Work required> Word for word, print each line of the listing below; pictures stay out.

Dataset section>
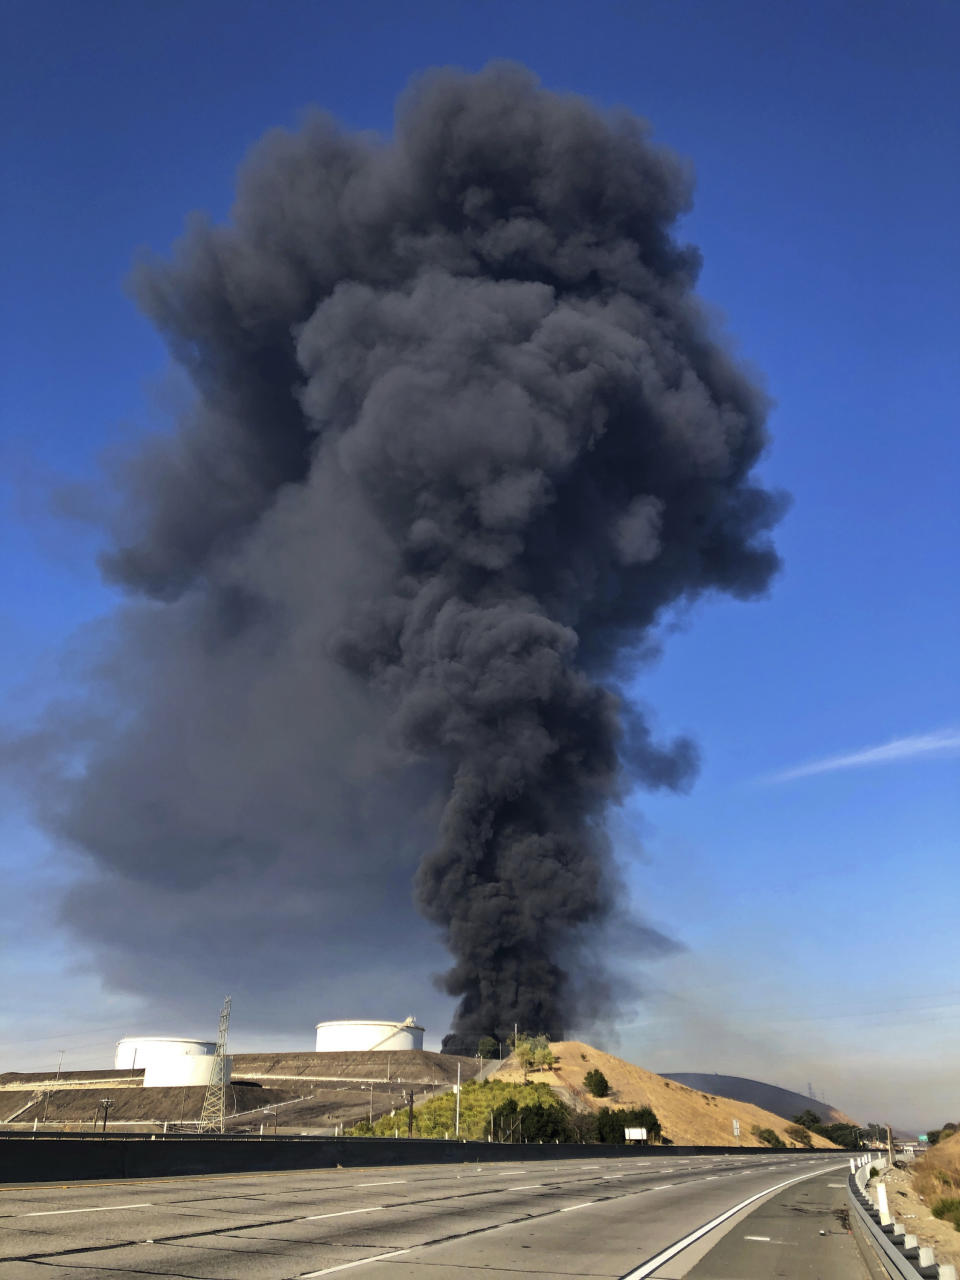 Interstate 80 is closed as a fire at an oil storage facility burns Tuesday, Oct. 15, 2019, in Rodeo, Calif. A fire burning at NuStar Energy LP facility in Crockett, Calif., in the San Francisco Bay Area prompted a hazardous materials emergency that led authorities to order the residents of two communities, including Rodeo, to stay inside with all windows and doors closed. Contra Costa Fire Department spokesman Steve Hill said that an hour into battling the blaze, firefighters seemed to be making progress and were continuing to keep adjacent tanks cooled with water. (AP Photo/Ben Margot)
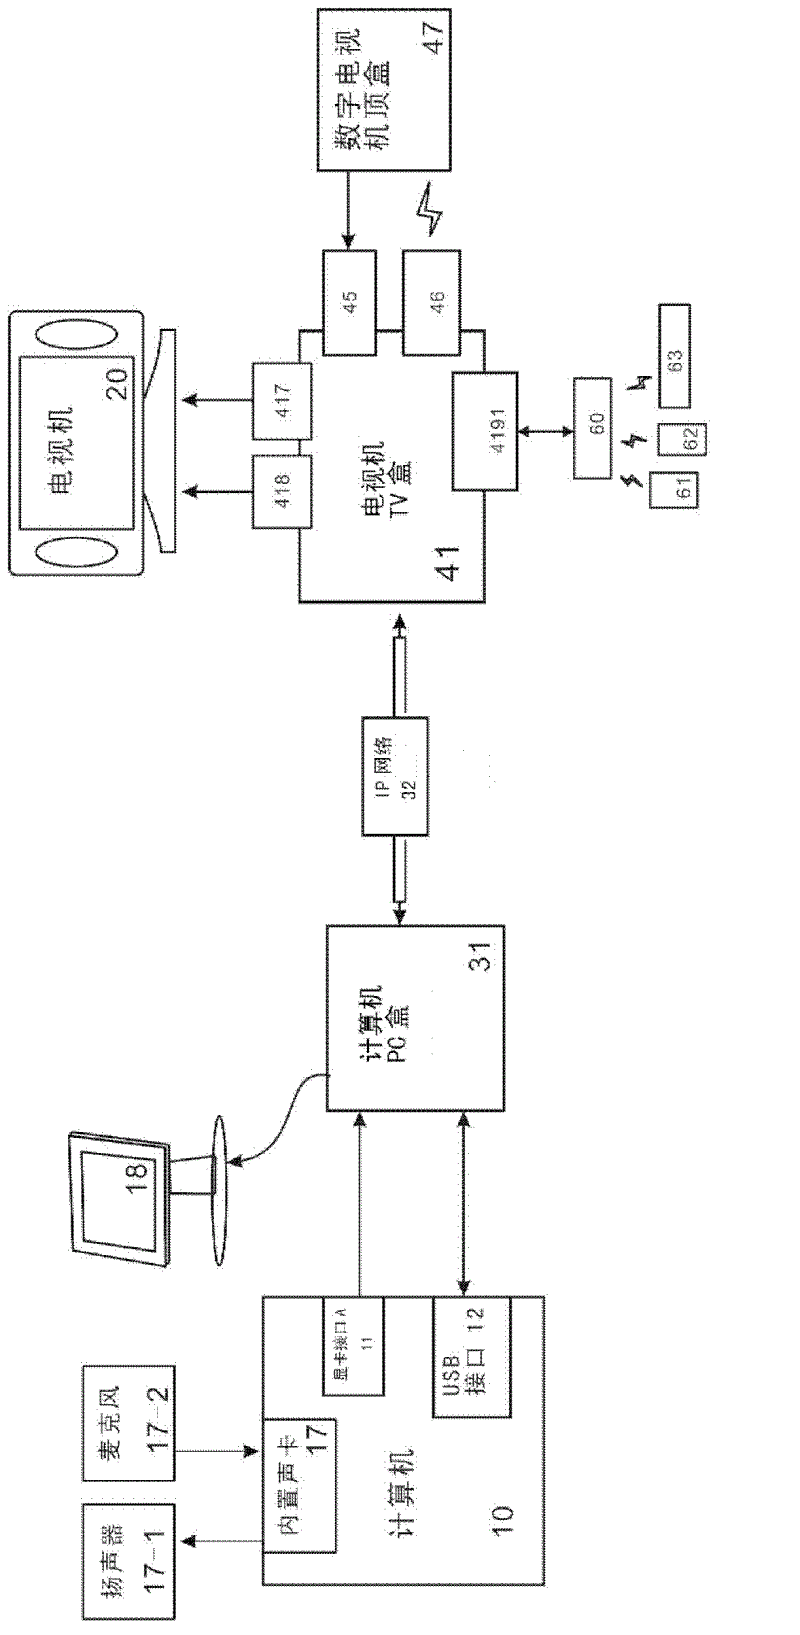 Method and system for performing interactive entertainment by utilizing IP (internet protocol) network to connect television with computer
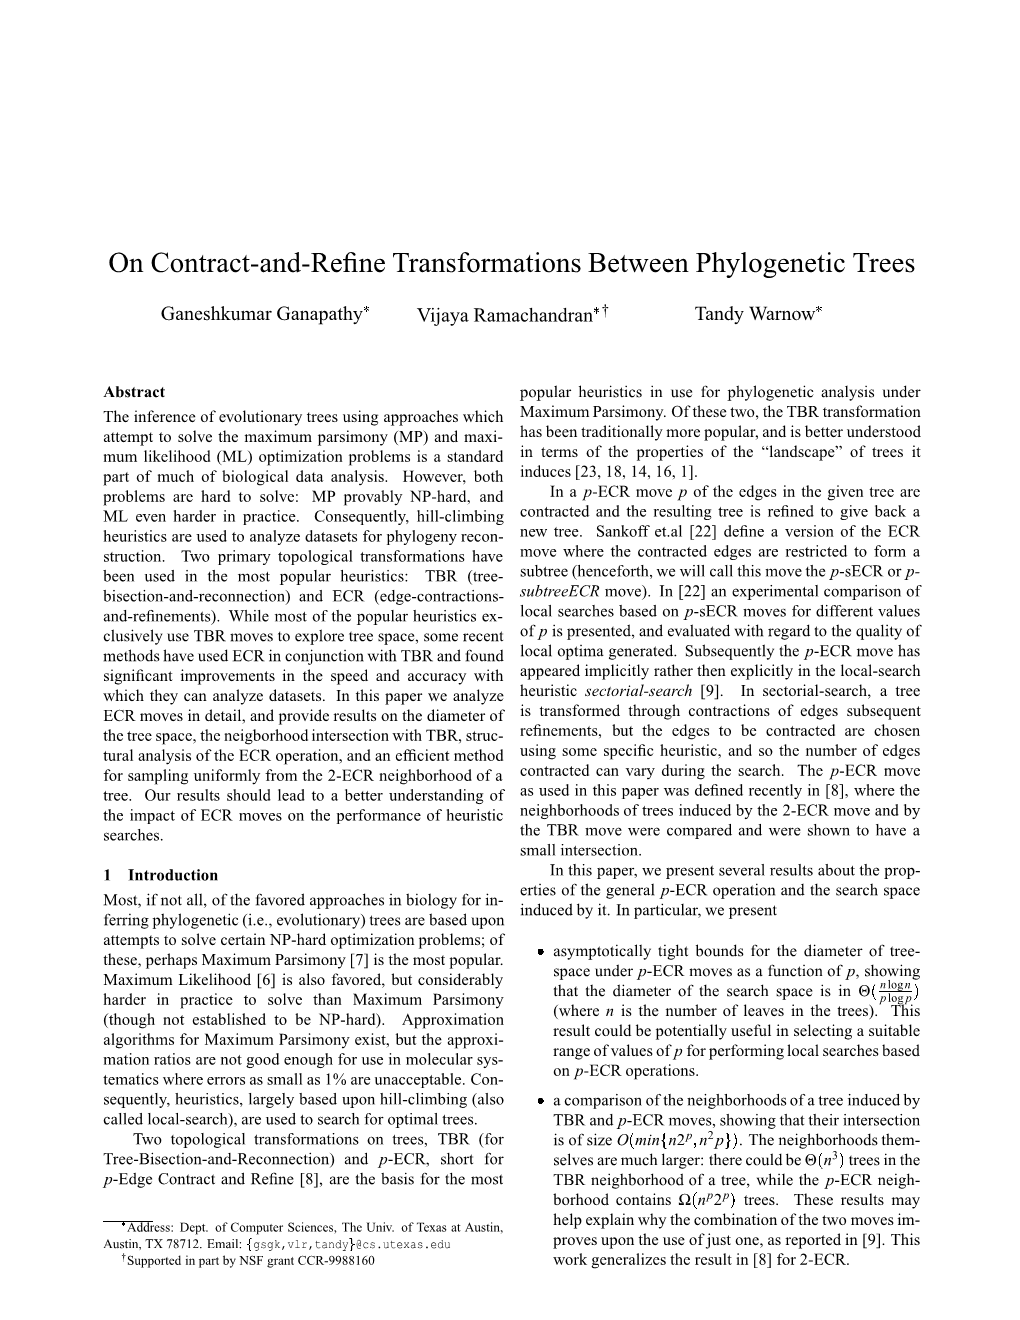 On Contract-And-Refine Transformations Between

Answer space>
 Interstate 80 is closed as a fire at an oil storage facility burns Tuesday, Oct. 15, 2019, in Rodeo, Calif. A fire burning at NuStar Energy LP facility in Crockett, Calif., in the San Francisco Bay Area prompted a hazardous materials emergency that led authorities to order the residents of two communities, including Rodeo, to stay inside with all windows and doors closed. Contra Costa Fire Department spokesman Steve Hill said that an hour into battling the blaze, firefighters seemed to be making progress and were continuing to keep adjacent tanks cooled with water. (AP Photo/Ben Margot)
 Method and system for performing interactive entertainment by utilizing IP (internet protocol) network to connect television with computer
 On Contract-And-Refine Transformations Between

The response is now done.